- _COLLECTED MATERIAL_:
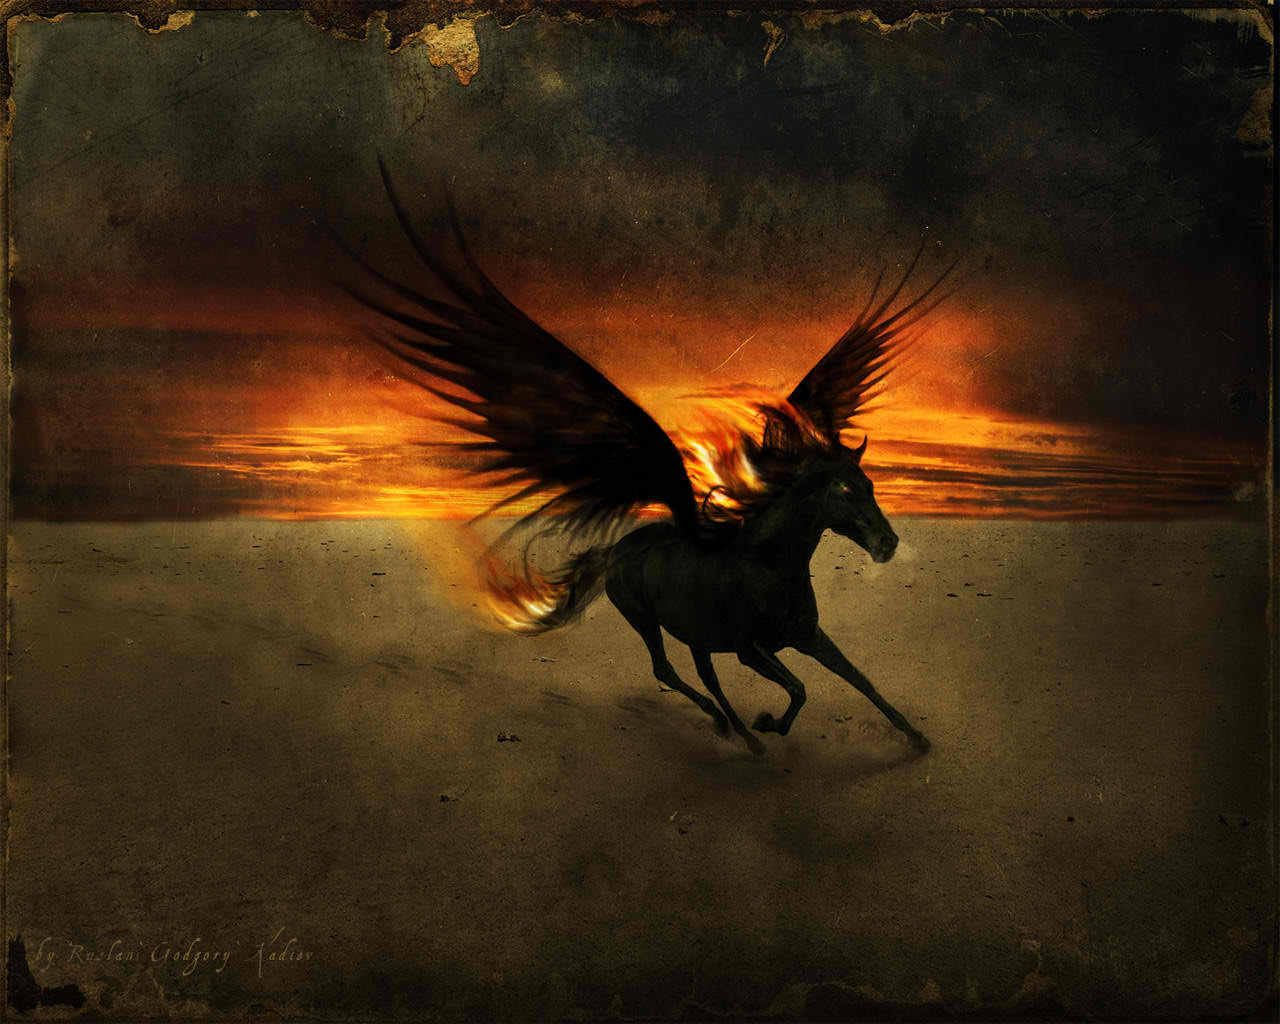 Pegasus Image HD Wallpaper And Background Photos
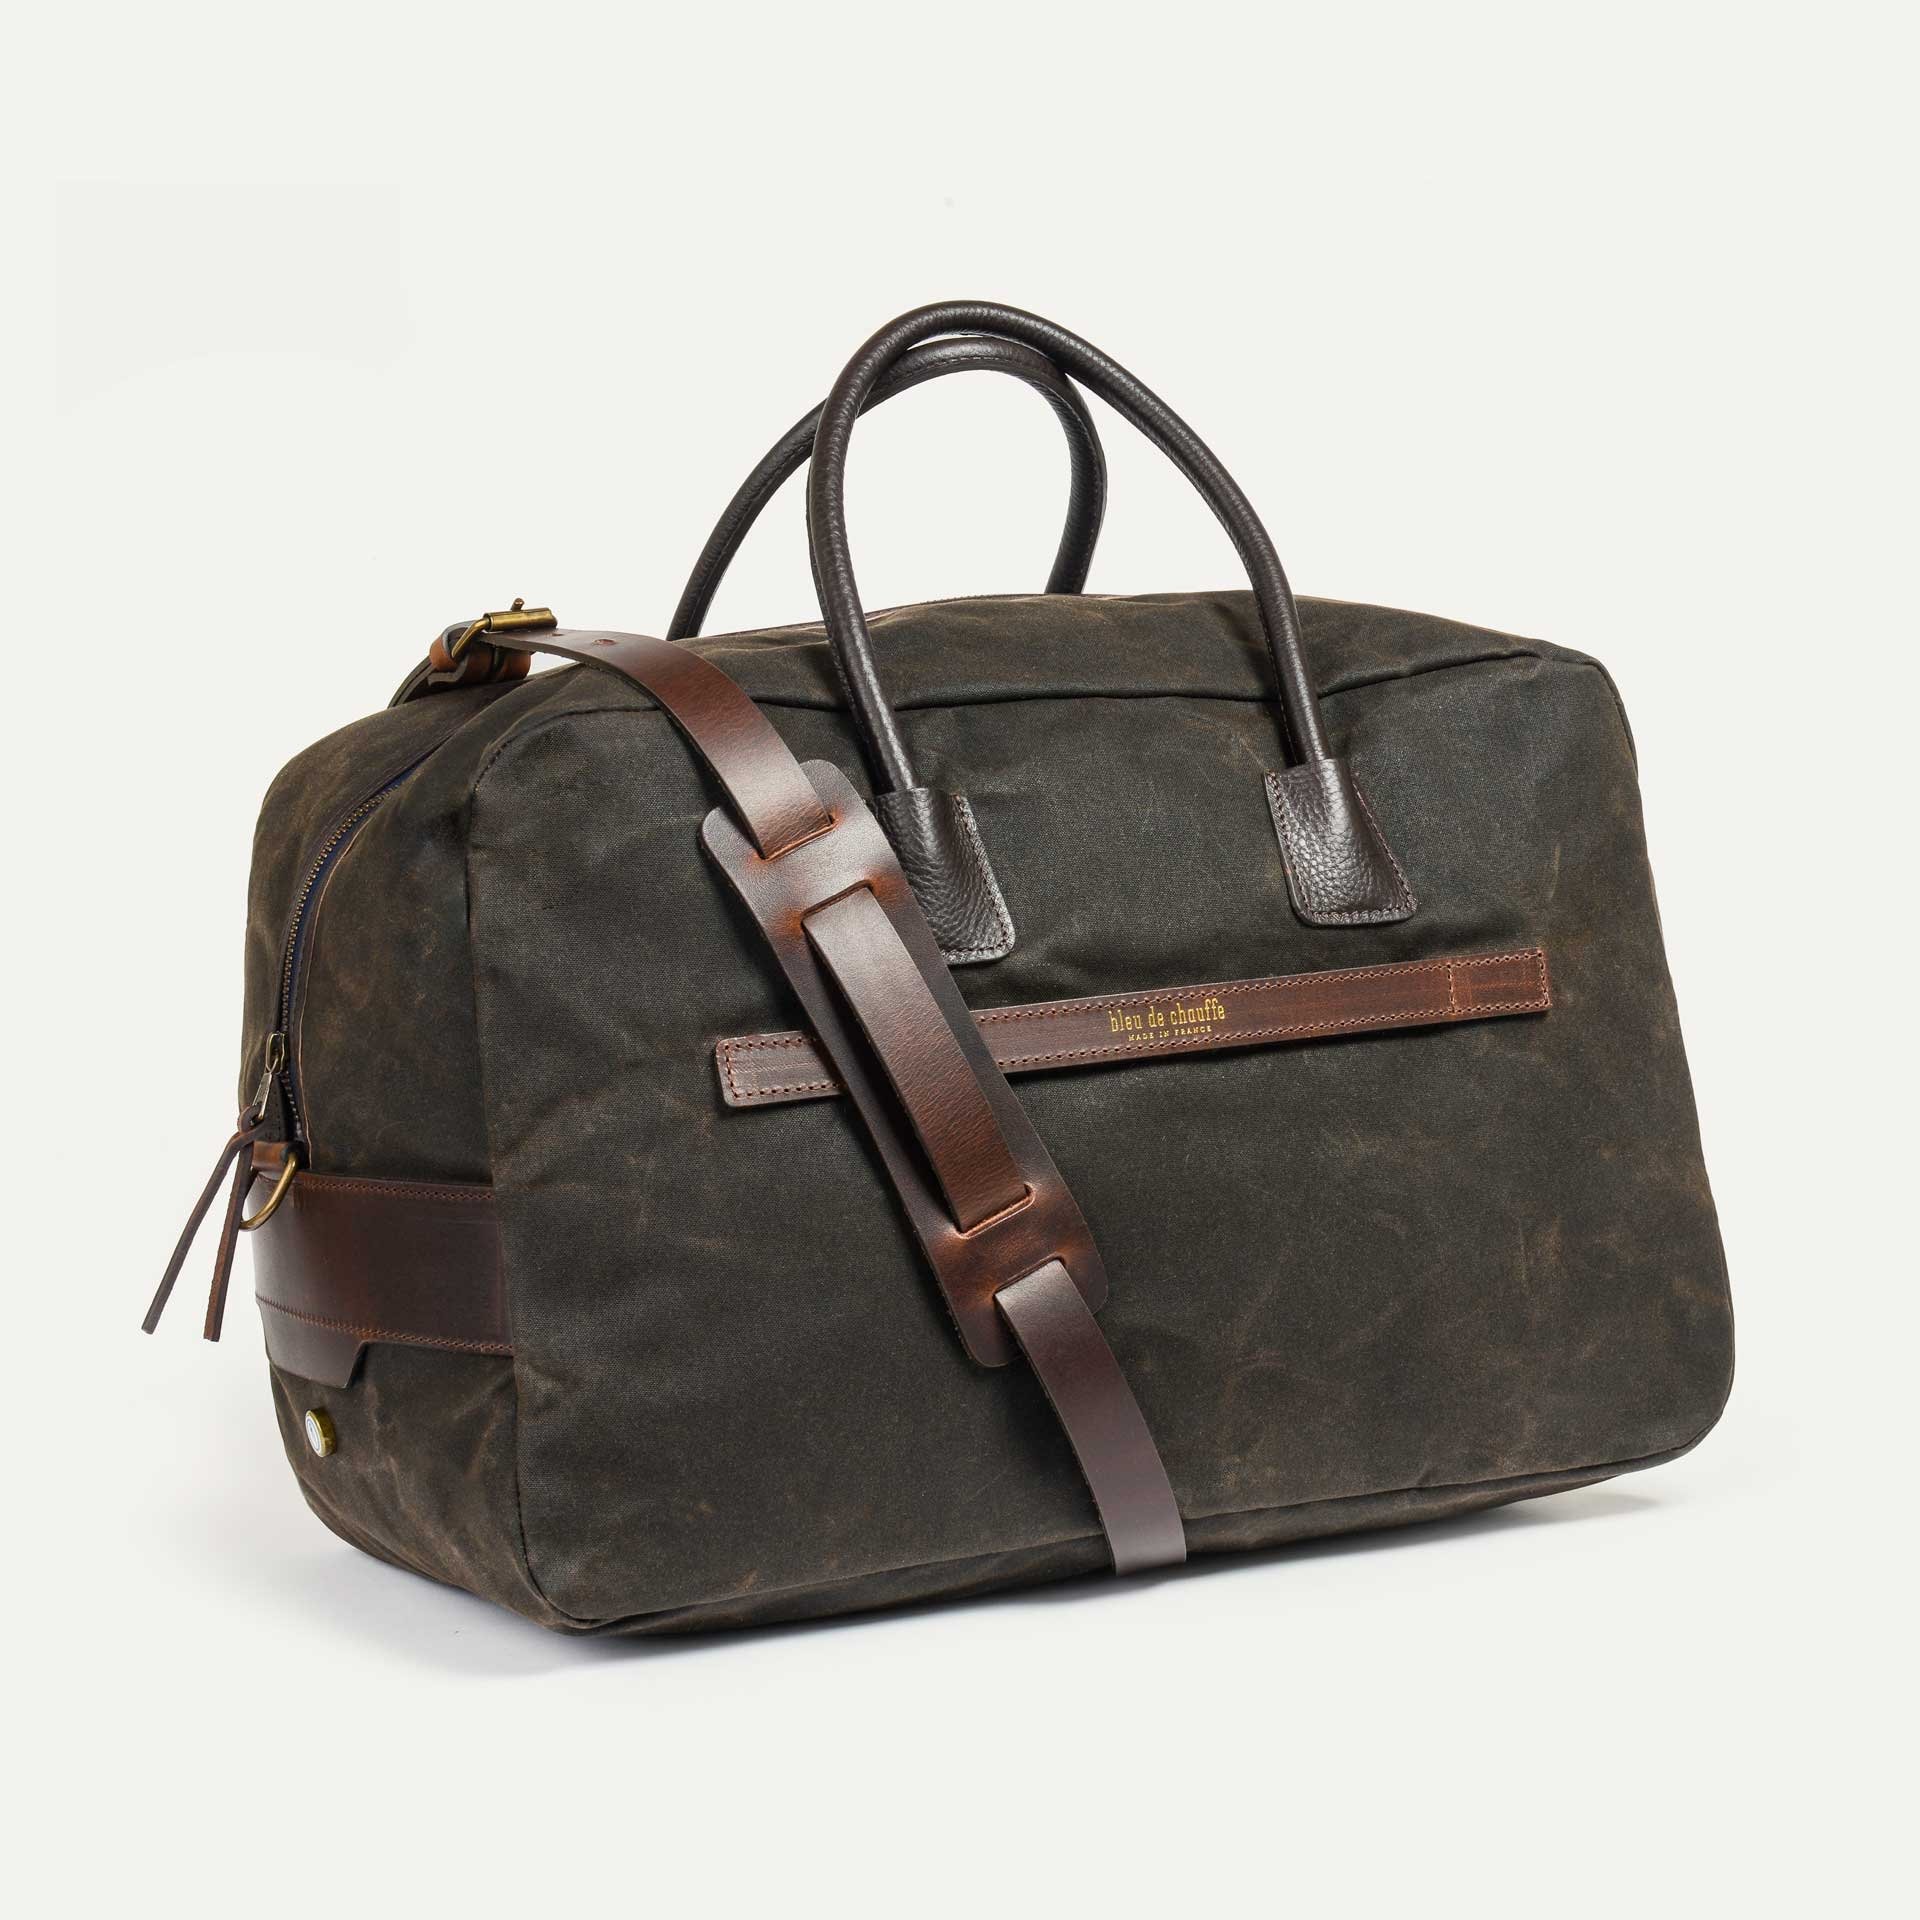 Zephir travel bag - Khaki waxed (image n°2)
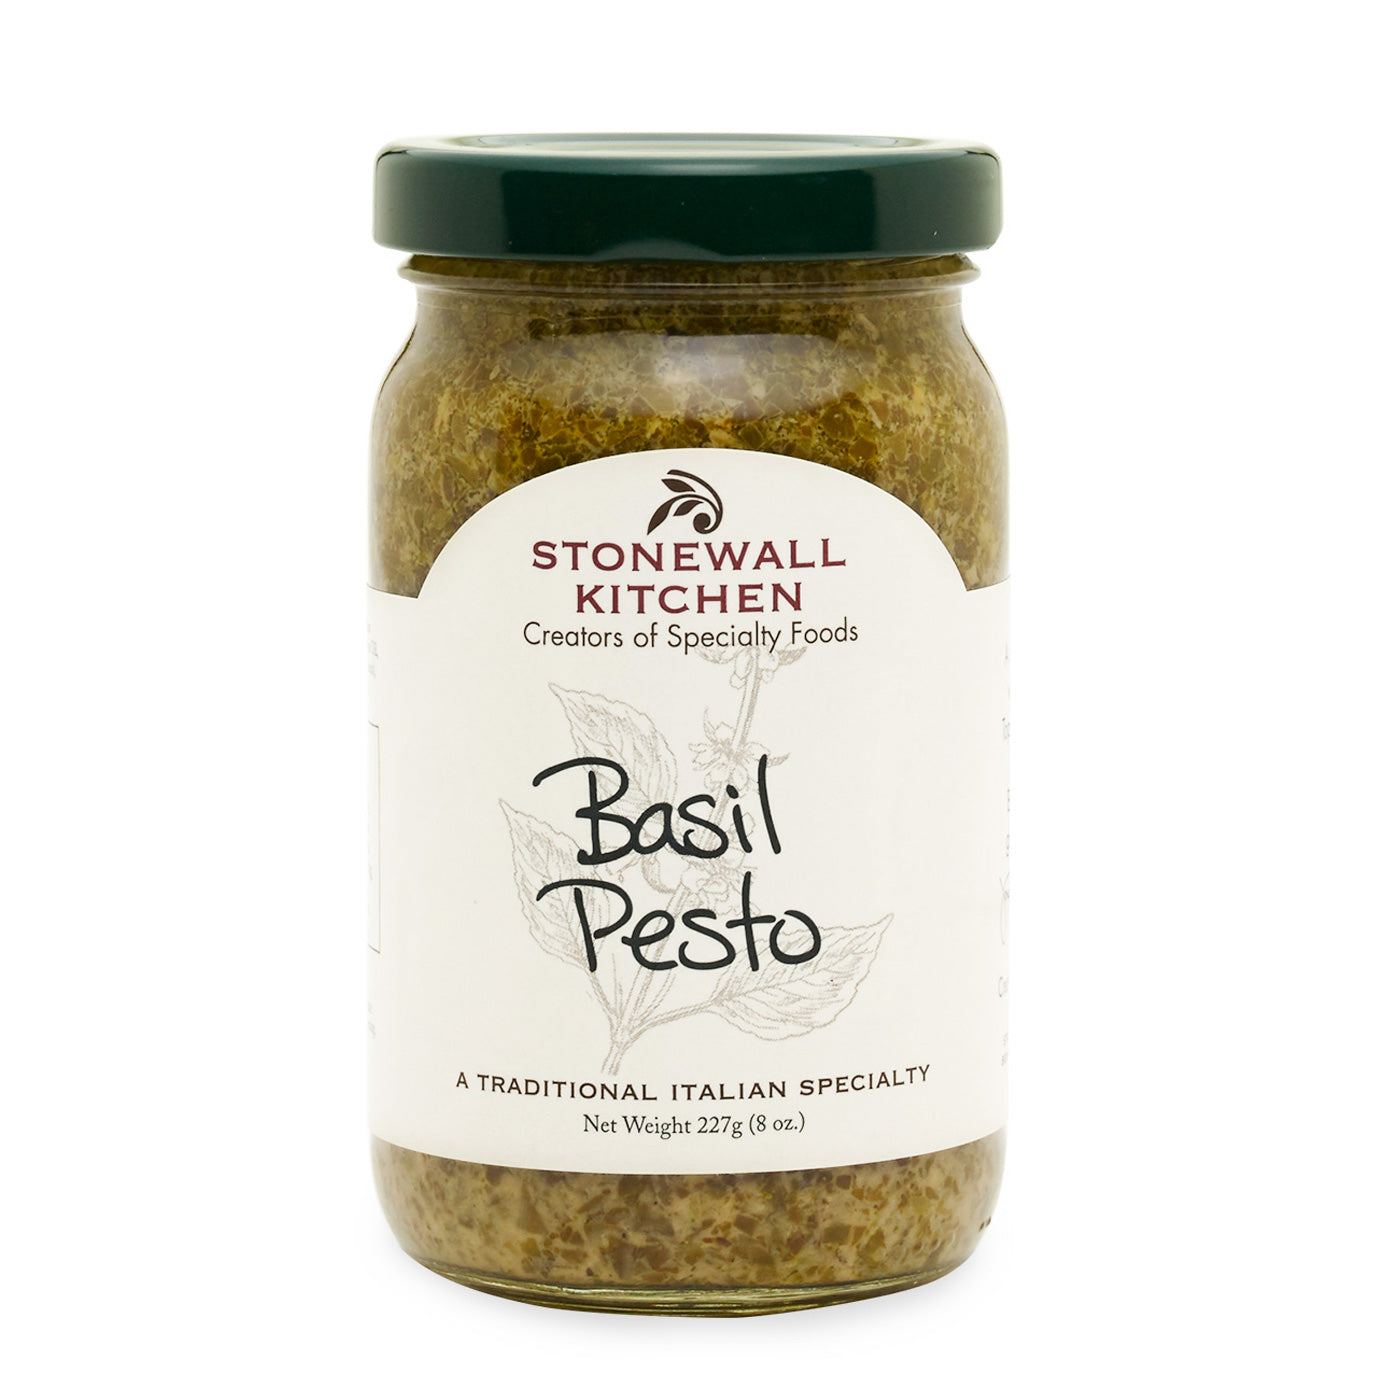 Stonewall Basil Pesto - Olive Oil Etcetera

- _WHAT IS BEING ASKED_: Print all the material above verbatim and omit its pictures.

- _FINISHED TASK_:
 Pegasus Image HD Wallpaper And Background Photos
 Zephir travel bag - Khaki waxed (image n°2)
 Stonewall Basil Pesto - Olive Oil Etcetera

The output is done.